Иван покачал головой. От этого невеликого ростом князя не ждал он подобной удали! Уважения к литвину после того у него заметно прибавилось.
Природа неуловимо менялась. Дубравы начинали уступать место сосновым борам. Дотаивал снег. Озера, полные воды, стояли вровень с берегами, усеянными снулою рыбой, видно задохшейся подо льдом. Через реки перебирались плывом, не слезая с седел. Витовт отчаянно торопил воинов. Когда выходили на чистые места, видно было, как густеет и густеет по мере подхода иных дружин войско, превращаясь в грозную силу. Иван уже знал, что смоленский князь осаждал Оршу, а сейчас стоит под Мстиславлем, бьет город пороками, обстреливает из самострелов и камнеметов, что мстиславцы едва держатся и давно просят о помочи. Город не сдается, так как Святослав Смоленский всюду творит жестокости, разоряет деревни, жжет людей в храмах, зажимает пленникам руки меж бревен хором, мстя за то, что передались Литве, и мстиславцы чают и себе той же участи. Рассказам о жестокостях смоленского князя Иван не очень верил, пока не увидел и не убедился сам. Но уже и то прояснело, что с полками идет не один Витовт: иную рать ведет Свидригайло Ольгердович, иную Корибут, иную Семен-Лугвень, что едва ли не вся сила Литвы, да еще и с польскою помочью, выступила в нынешний поход. Расцветала земля, лезла молодая трава, поля пестрели цветами, звонко кричали птицы, первые ратаи выбирались на пригорки, и было трудно понять, что где-то, уже близь, идет бой и мертвые падают с заборол, а воины с криком лезут по осадным лестницам на стены, прикрываясь щитами.

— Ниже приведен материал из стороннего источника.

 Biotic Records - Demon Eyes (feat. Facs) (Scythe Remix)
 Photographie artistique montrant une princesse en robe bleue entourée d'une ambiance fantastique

Приближались к Мстиславлю. На очередном ночлеге (Иван уже укладывался спать) его толкнул один из литвинов-воинов:
– Ставай, князь зовет!
Иван вскочил, торопливо заседлал коня. Витовт нетерпеливо ждал у своего шатра. Солнце только что село, и остывающее небо, теряя багрец и пурпур, начинало окутываться задумчивою желтизной и синью. Иван соскочил с коня.
– Дале поедешь один! – произнес Витовт негромко. – Готов? – (Иван молча кивнул.) – Не попади в руки смолянам! – строго остерег его Витовт. – Кожу сдерут! Вон того леса держись! Дале – берегом реки, а там прощай! Отъедешь подале, безопасно станет. Не повести токмо, что с Литвою шел! Ну, не мне учить! Хлеб есть? – Иван снова кивнул, и Витовт удоволенно склонил голову. – Отцу расскажи, что Василия держат… – Он примолк, и Иван понял, что держит княжича Ягайло, но Витовт не хочет этого говорить вслух. – Пущай послов шлет! Бояр! Ну!
Ивану очень хотелось какого-то более теплого, что ли, прощания с Витовтом, но князь тут, в виду своих кметей и поляков, явно не хотел излишней близости с русичем, и Иван, еще раз поклонив Витовту, взобрался в седло и порысил. Уже отъехав довольно далеко, оглянул назад. Витовт, едва видный, все стоял у шатра, глядя ему вслед, потом поднял руку, не то прощаясь, не то указуя на что-то, отвернулся и полез в шатер. Иван пришпорил коня.
До рассвета ему несколько раз приходило слышать человеческую речь и лошадиный топот. Бог уберег тем, что не заржал конь. Однажды проехали совсем близко, и Иван все гладил и гладил коня, молча моля не пошевельнуться в кустах. На рассвете он уже пробирался берегом реки, сторожко поглядывая по сторонам. Он не видал никого из смолян, долго не знал и о большом сражении под Мстиславлем 29 апреля, где соединенные силы литовских князей наголову разбили смоленскую рать.
Князя Святослава, отдыхавшего в лесу, настиг и заколол копьем польский рыцарь. Был убит князь Иван Васильевич. Оба сына Святослава, Глеб и Юрий, раненные, попали в плен. Позже Глеб остался в плену у Витовта, а Юрий, вылеченный Скиргайлом, любившим применять свои лекарские познания на деле, был посажен литвинами на Смоленский стол с обещанием служить Литве. (Юрий Святославич был женат на родственнице Ольгердовичей.)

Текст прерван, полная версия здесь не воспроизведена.